Allied Carpets has ditched Arthur Andersen as its auditor following the #3m accounting irregularities scandal which led to the resignation of the retail giant’s finance director David Pout.
Ernst & Young will be recommended as Andersens’ successor by the Allied board at the group’s annual general meeting on 28 October.
A spokesman for the group said: ‘Allied Carpets and Arthur Andersen discussed the matter and, given the recent situation, considered it to be in everyone’s best interests for Allied Carpets to be able to make a fresh start with a new firm of auditors. Accordingly, Arthur Andersen decided not to seek reappointment as the group’s auditors.’

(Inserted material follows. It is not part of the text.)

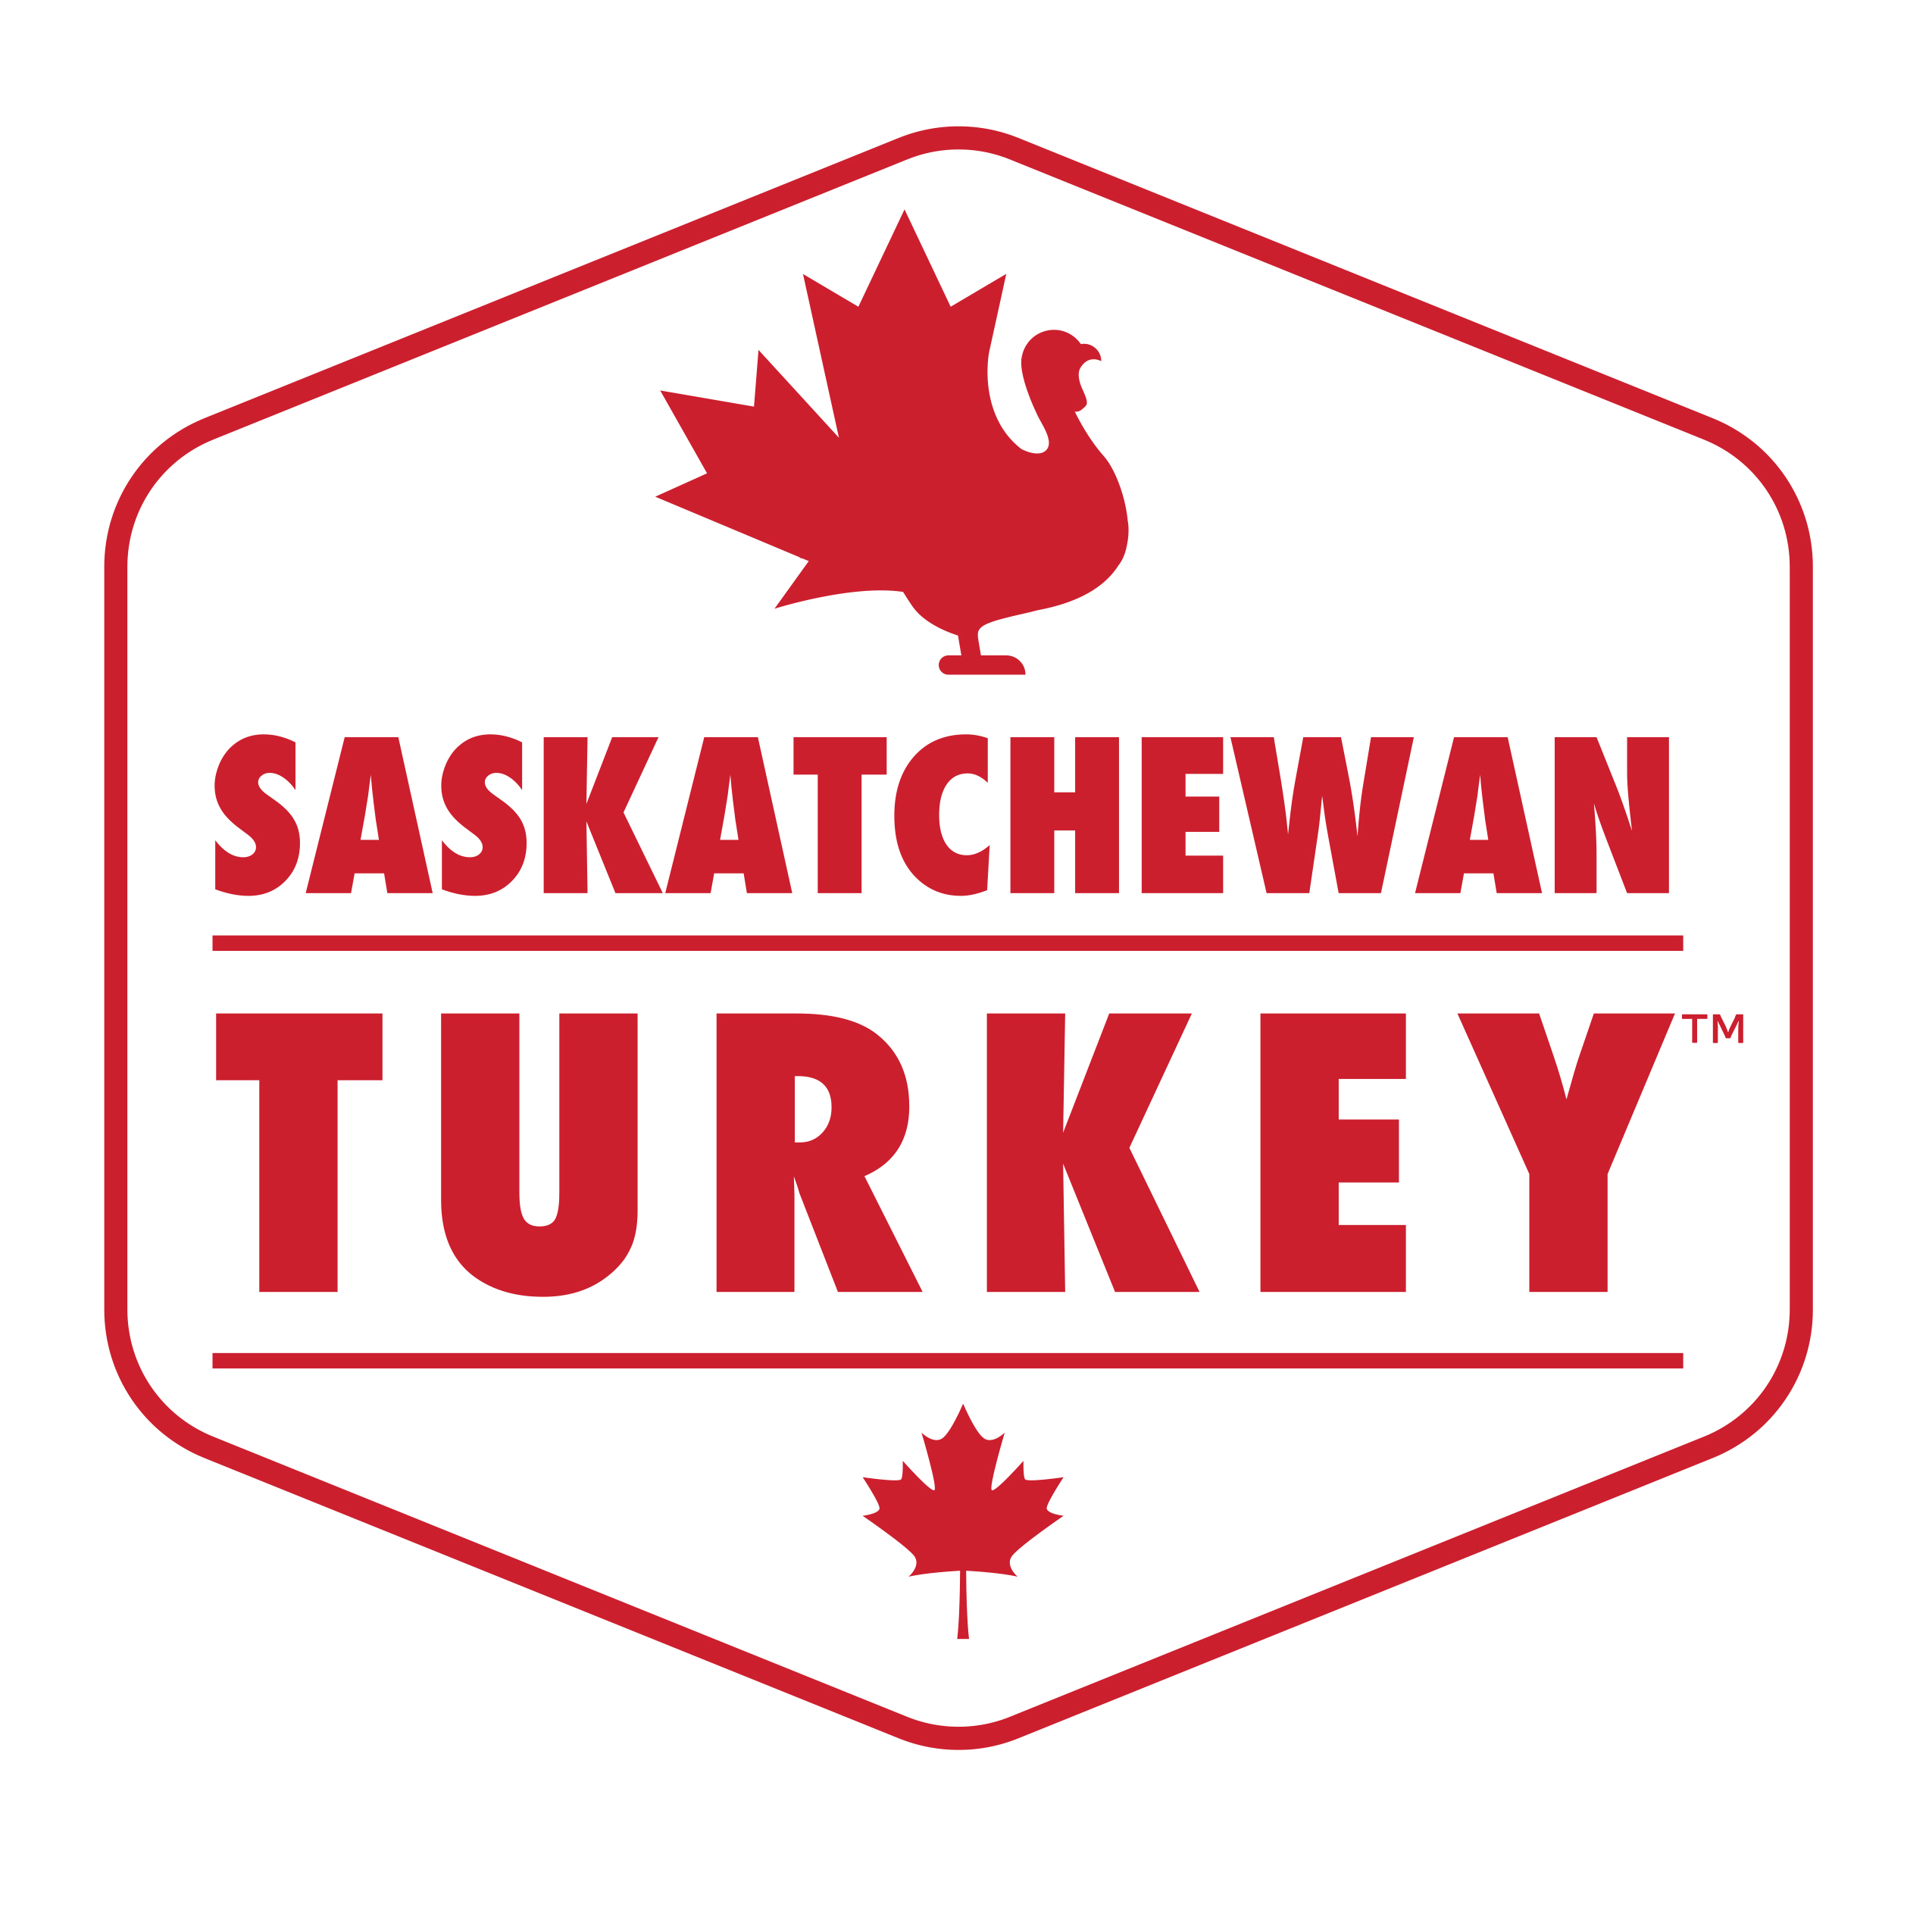 Turkey Farmers of Saskatchewan

The spokesman denied Allied had fired Arthur Andersen, saying the decision was a joint one taken with the best interests of Allied’s shareholders in mind.
This view was reflected in Allied’s 1998 annual report, published last week, and accounts, which said: ‘Having completed their work assisting the Board’s investigation of the breakdown of financial controls in respect of sales recognition procedures in branches, Arthur Andersen has informed the board of its intention not to seek reappointment.’
The accounting irregularities stemmed from the practice of sales staff booking orders as sales before carpets had been delivered to customers.
Arthur Andersen had signed off Allied’s 1997’s accounts, but had to make an exceptional charge of #3m on a turnover of #264m in the following year’s accounts, to correct for the effect of the widespread practice. The booking system was brought to the auditor’s attention by an Allied employee.